» **HOW TO COMPLETE THIS TASK**
Please reproduce the data exactly, excluding any pictures it contains.

» **SOURCE DATA**
--

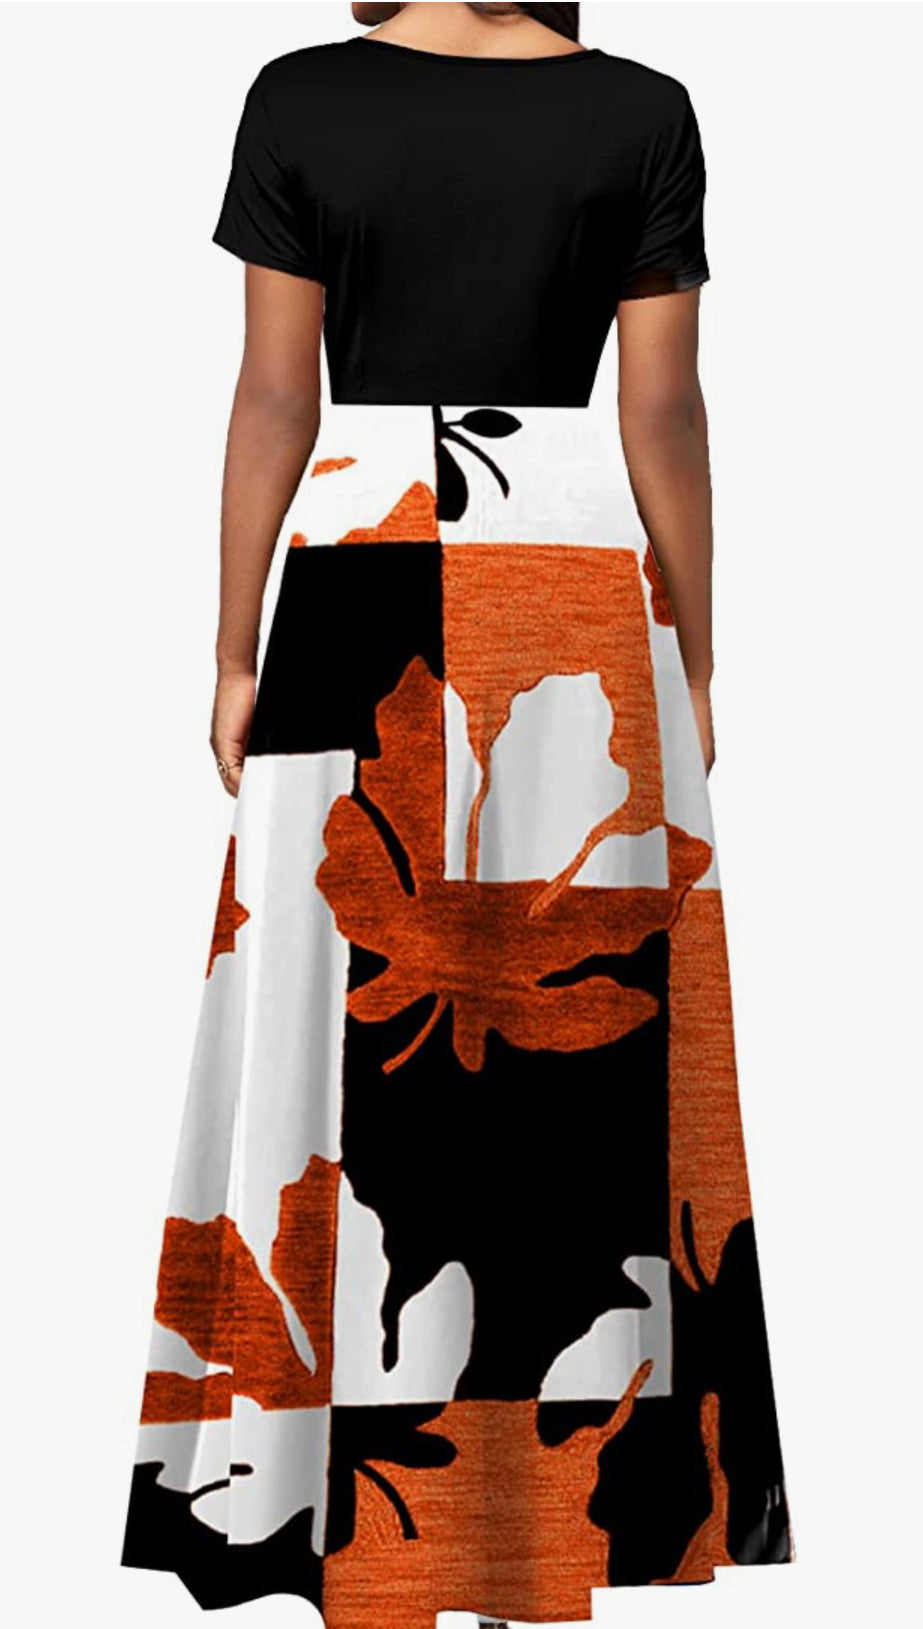 DISCONTINUED: Printed Full Length Maxi Dress, Sizes Small - 3XLarge
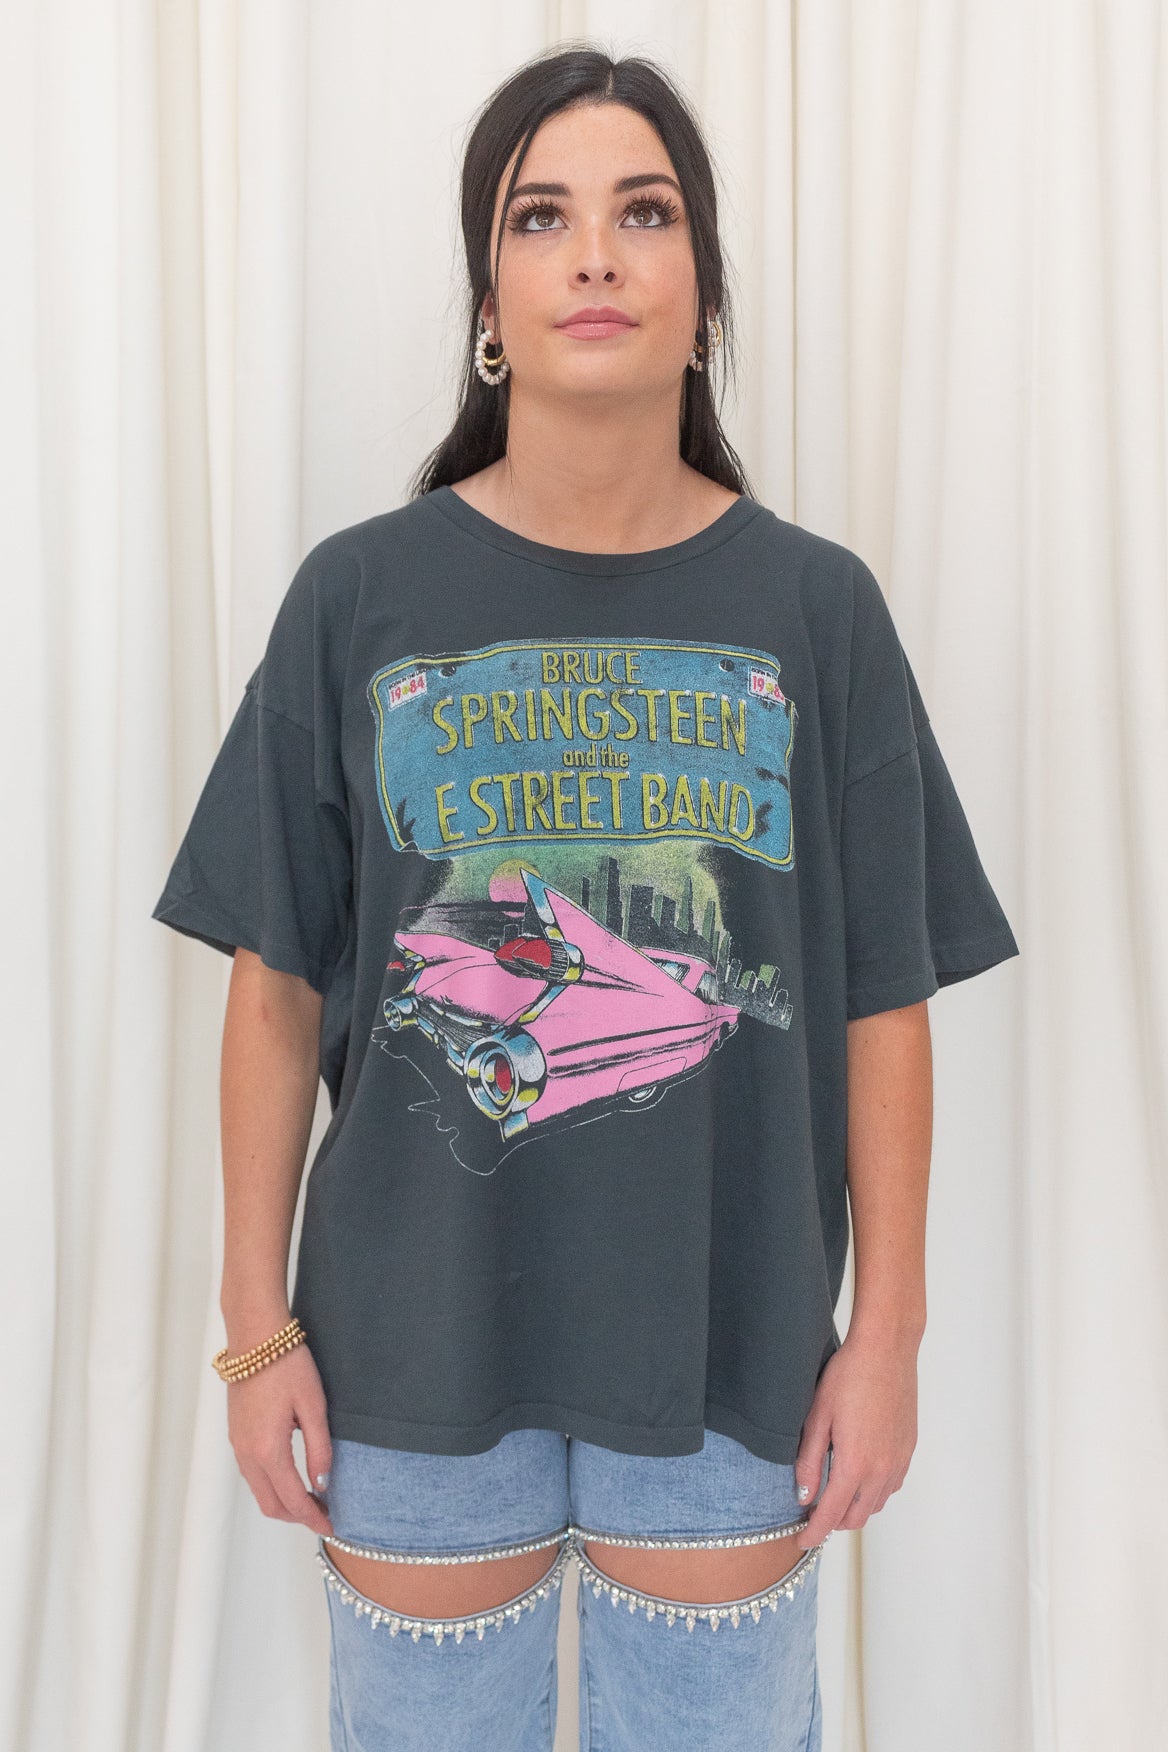 Black graphic tee featuring  Bruce Springsteen's Born in The USA Merch Tee. Crafted with the legendary pink cadillac and 'Born in the U.S.A.' tour logo,
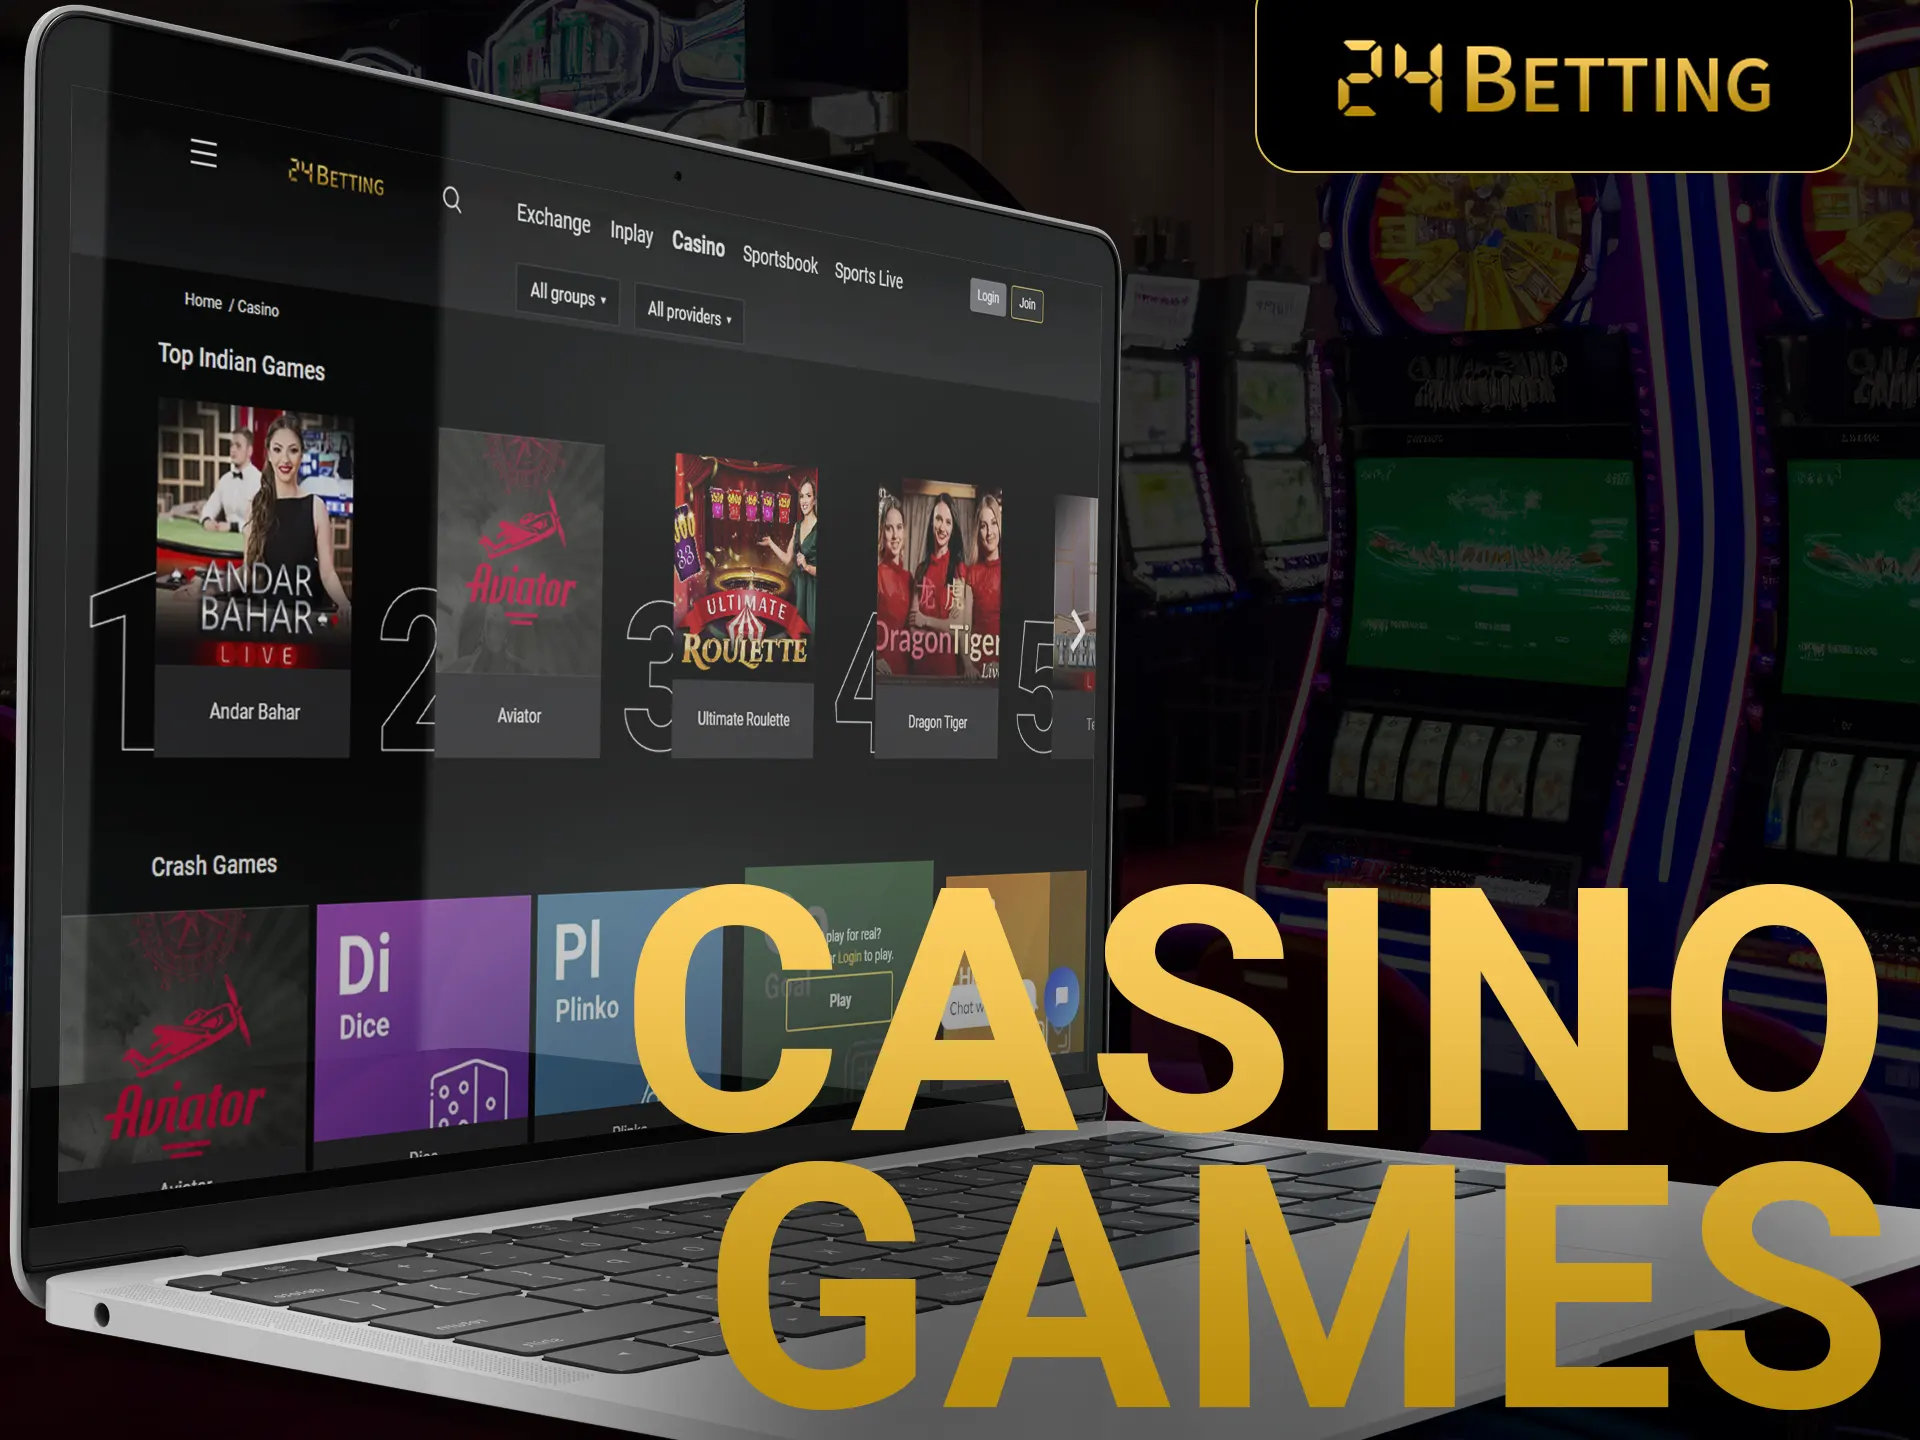 On 24betting, there are many casino games to play.

--

» **COMPLETED EXERCISE**
 DISCONTINUED: Printed Full Length Maxi Dress, Sizes Small - 3XLarge
 Black graphic tee featuring  Bruce Springsteen's Born in The USA Merch Tee. Crafted with the legendary pink cadillac and 'Born in the U.S.A.' tour logo,
 On 24betting, there are many casino games to play.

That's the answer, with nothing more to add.